The Consumer Assessment of Healthcare Providers and Systems Outpatient and Ambulatory Surgery Survey (OAS CAHPS) should be modified to reduce the administrative and financial burden on ASCs. CMS previously cited its desire to “appropriately account for the burden associated with administering the survey in the outpatient setting of care” as one reason for delaying mandatory implementation of the OAS CAHPS and the five measures based on the survey. ASCA continues to support delaying mandatory implementation of the survey until it is shortened and there is an electronic option available, as these developments will significantly reduce the cost and administrative burden to facilities, and make the survey easier for patients to complete.

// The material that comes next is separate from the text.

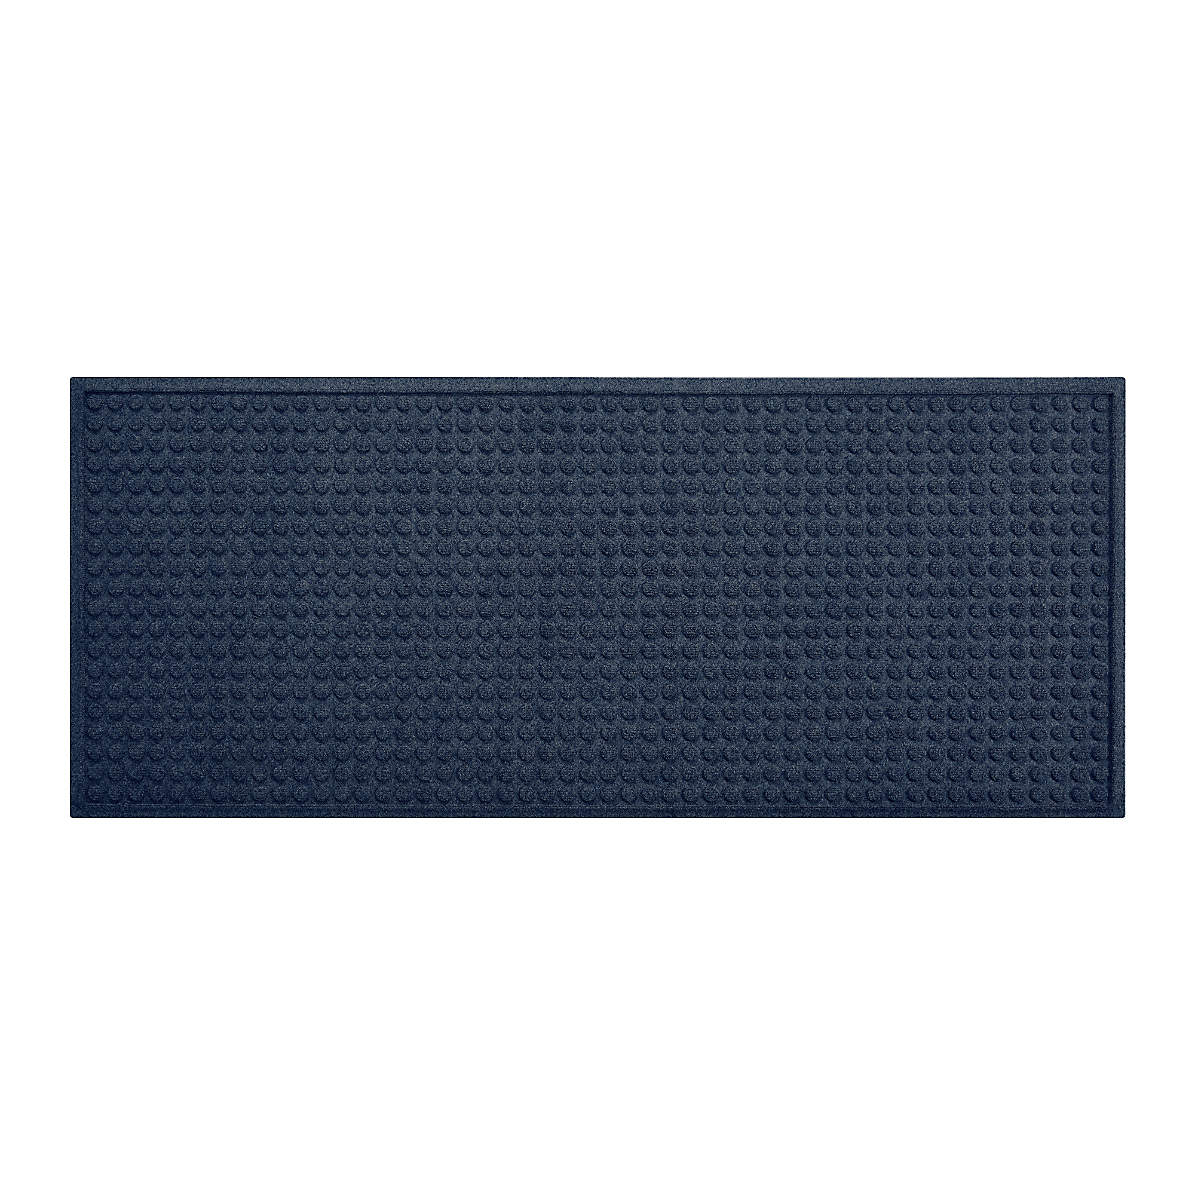 Thirsty Dots Light Grey Doormat 36x60 + Reviews

State Associations and ASCA Members Come Together to Advocate
For the first time in its history, ASCA coordinated a state association sign-on letter this year. While many state associations submit their own comments, ASCA decided this would give an opportunity for state associations to come together and raise their collective voices. In response, 31 out of the approximately 37 active state associations signed onto a letter to CMS, echoing the concerns raised in ASCA’s comment letter and showing that associations across the country were aligned in their support of changes that would help the ASC community continue to thrive.
ASCA also would like to thank ASCA members that took the time to comment, either using ASCA’s template letters or raising separate issues of concern for their facilities. It was as important as ever this year for CMS to hear from the facilities that are directly impacted by these proposed policies. ASCA staff truly appreciates all those who sent letters and made their voices heard.